TASK OBJECTIVE: Nothing but the lines from the one containing "Celine Phantom Smooth Leather Large 4" through the end of the data should be retyped, exactly as they stand, and pictures should not be retyped.

DATA EXCERPT:
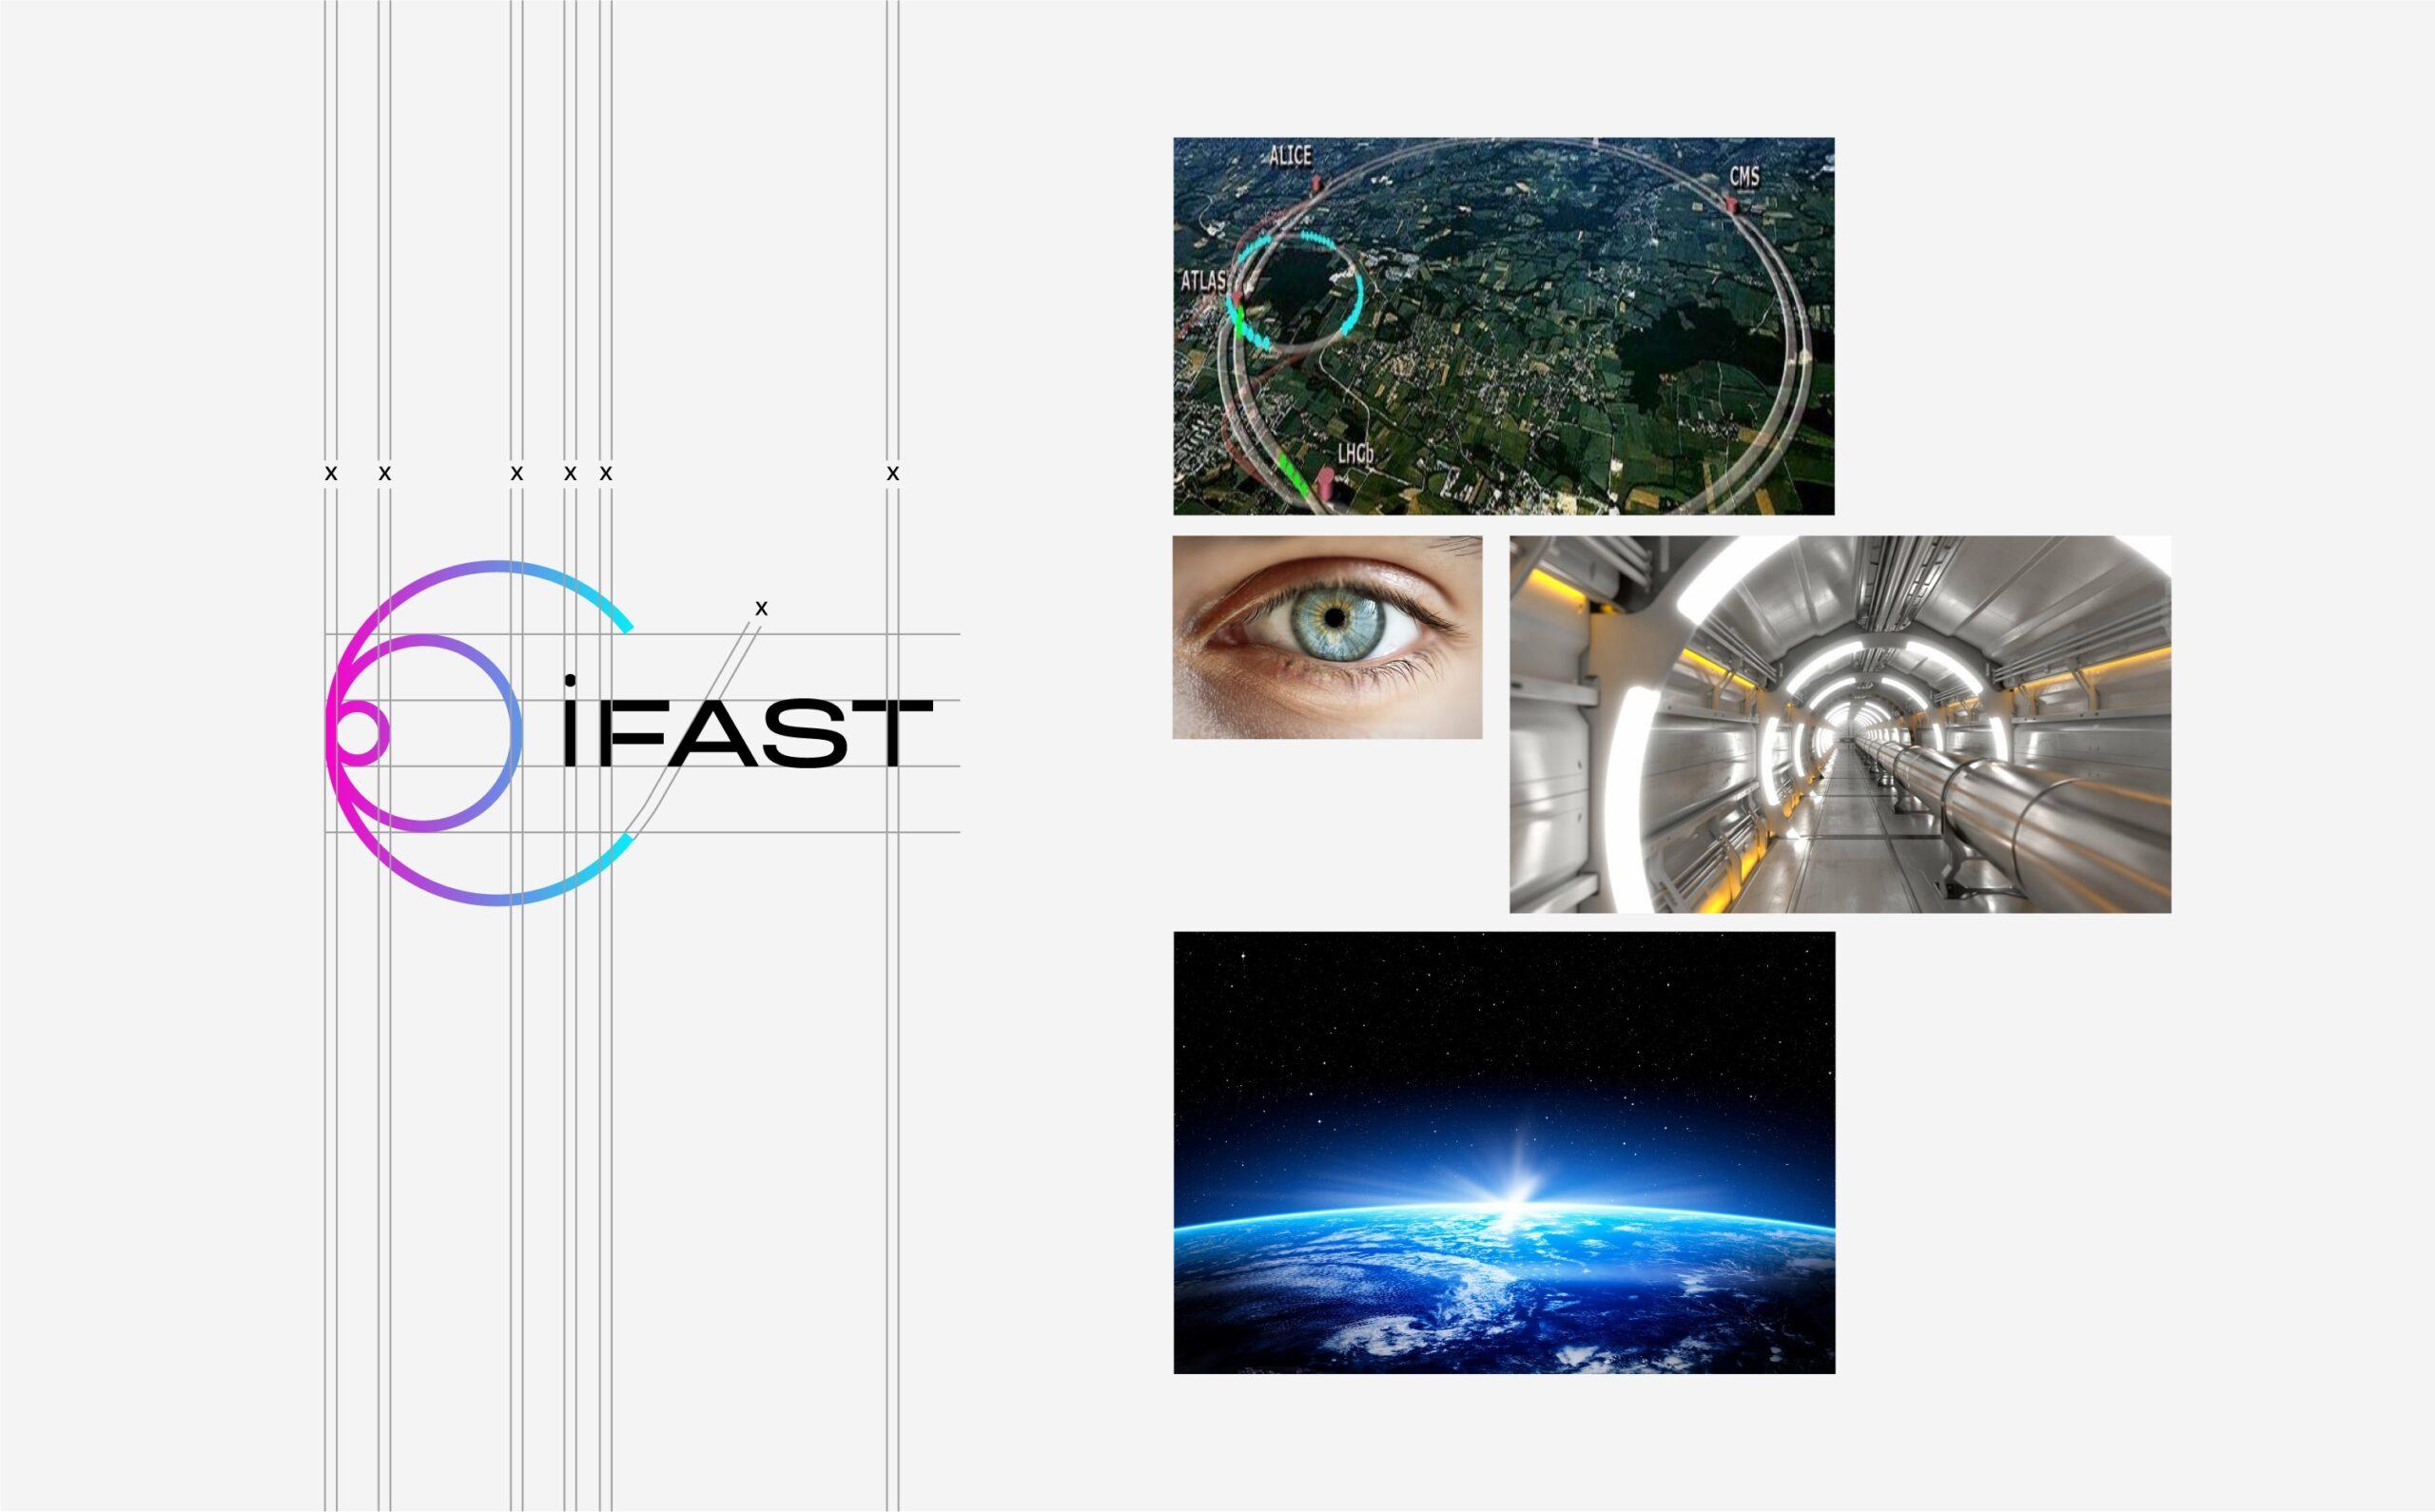 CERN_iFAST_logo_pamatojums
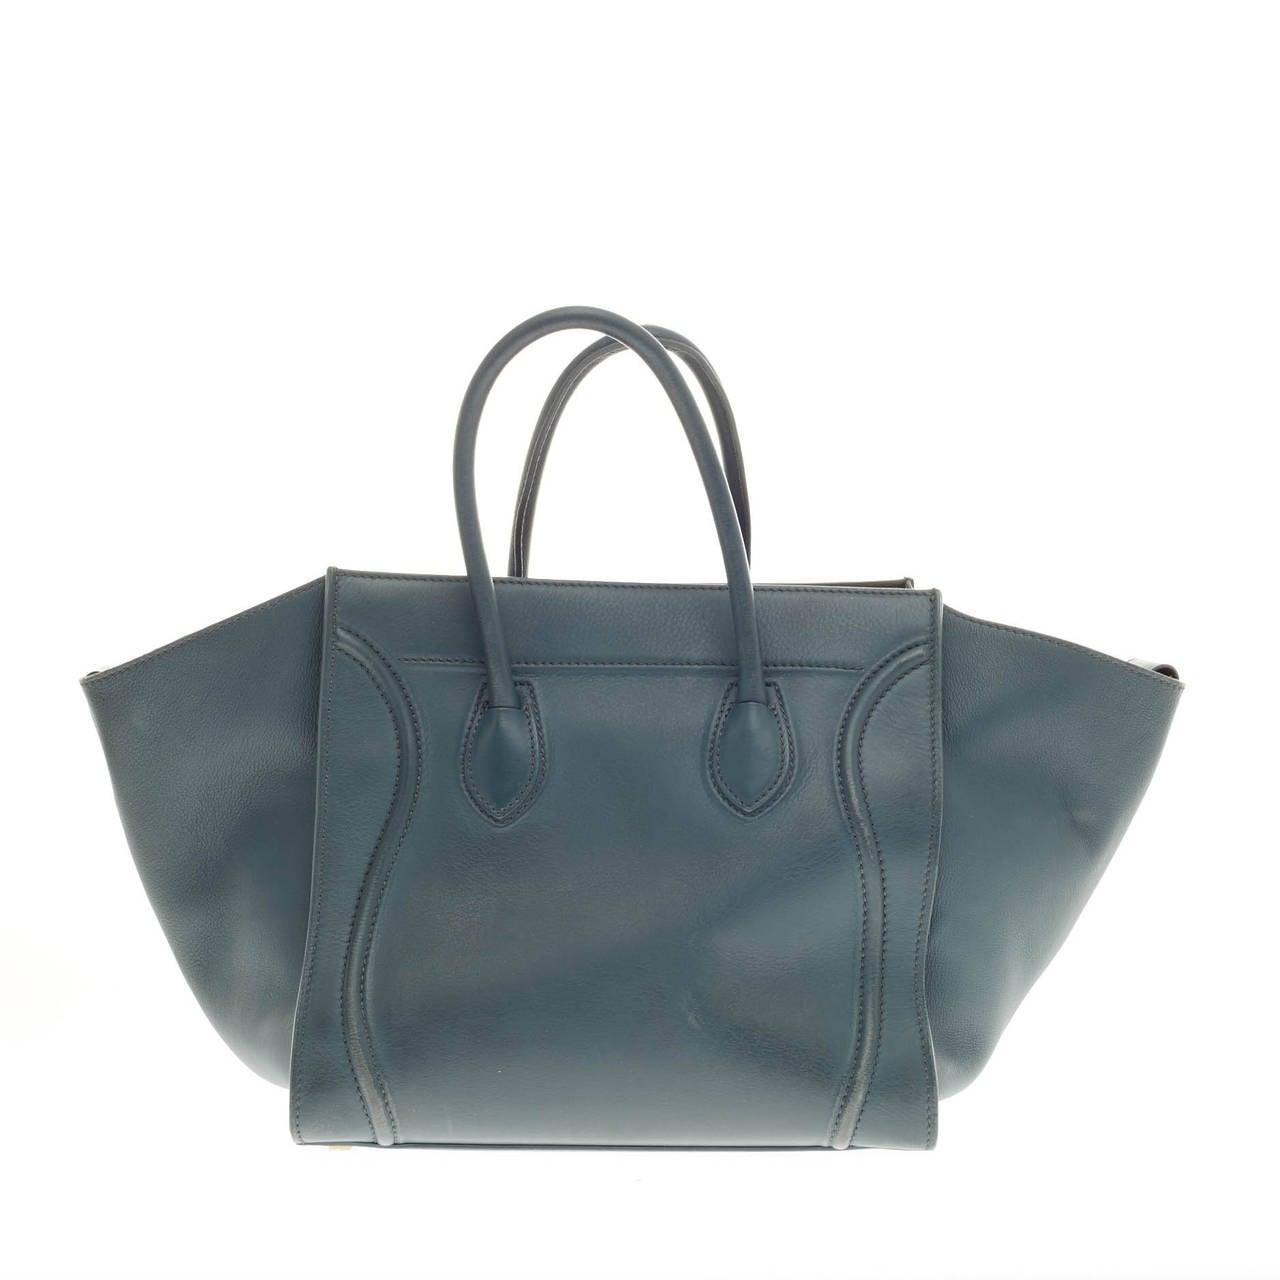 Celine Phantom Smooth Leather Large 4
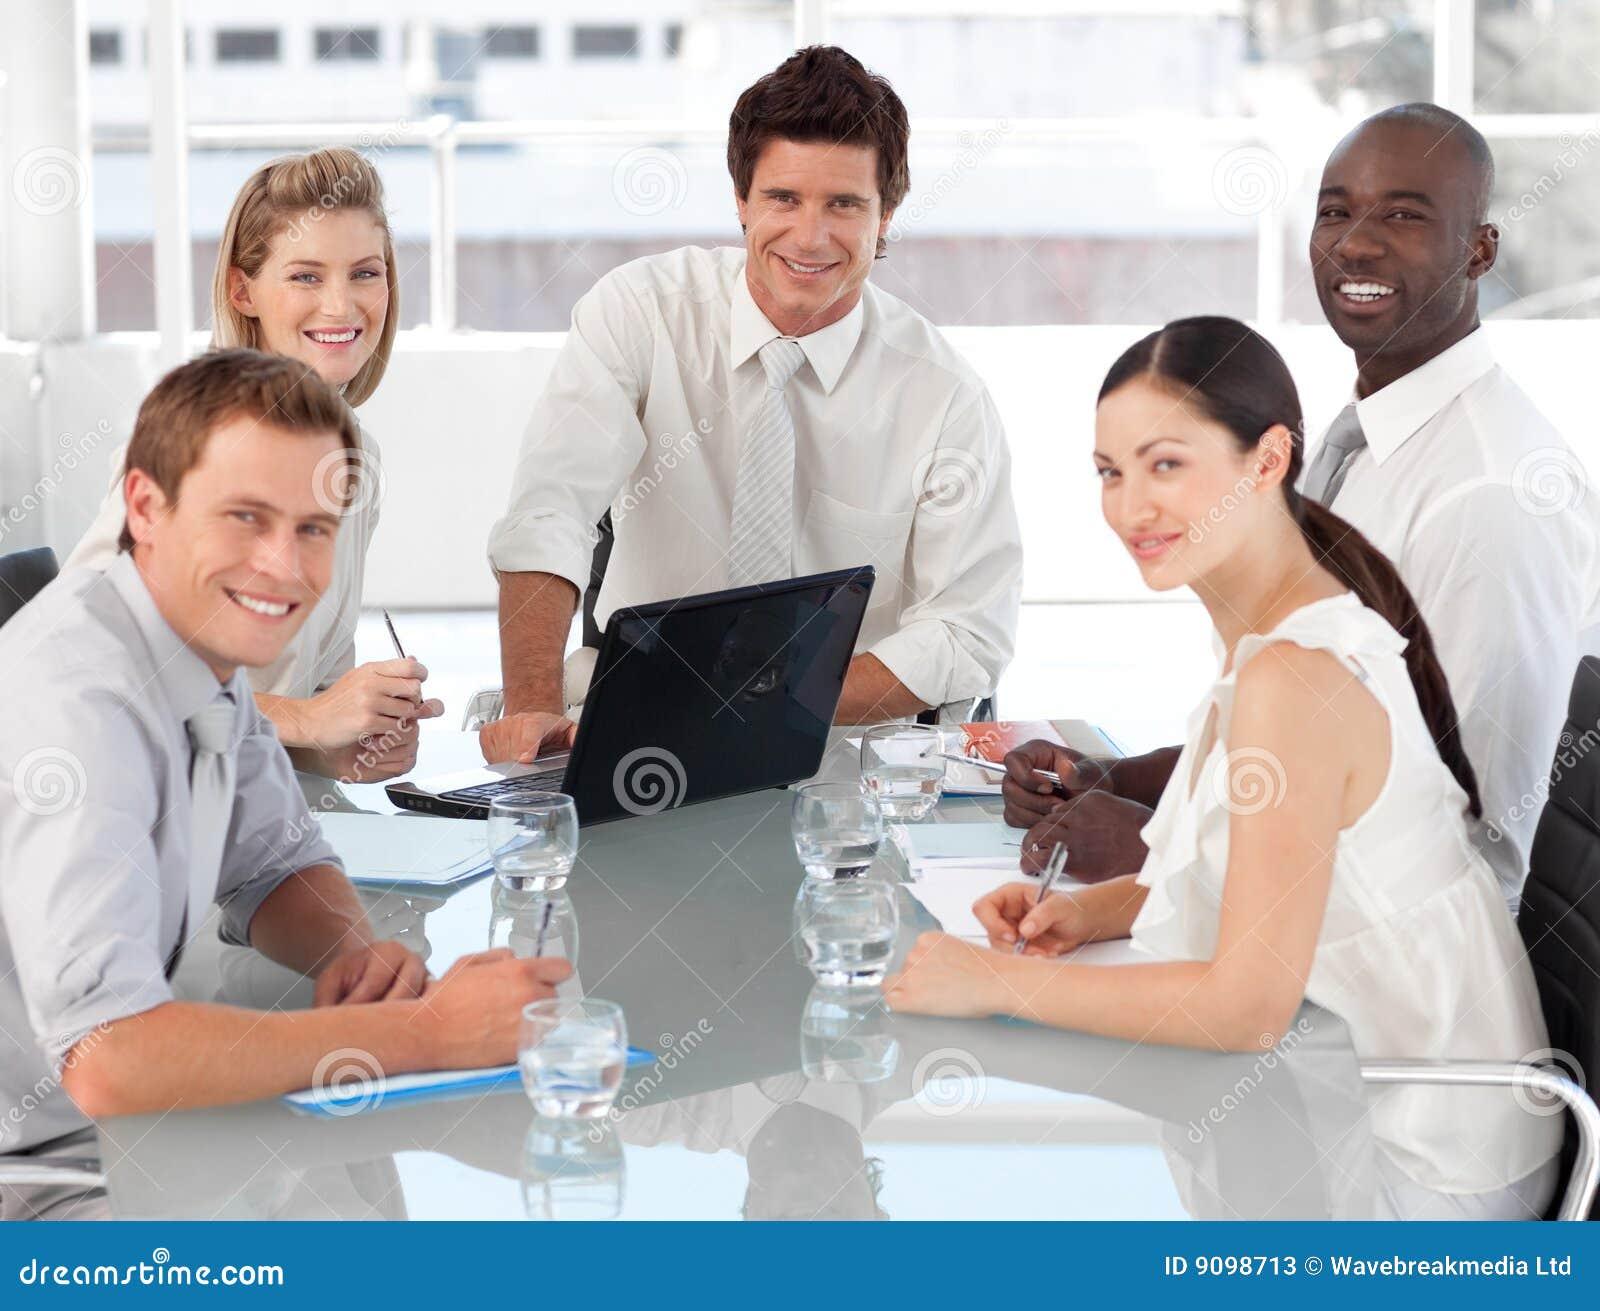 Junges multi kulturelles Geschäfts-Team bei der Arbeit

RESULT:
 Celine Phantom Smooth Leather Large 4
 Junges multi kulturelles Geschäfts-Team bei der Arbeit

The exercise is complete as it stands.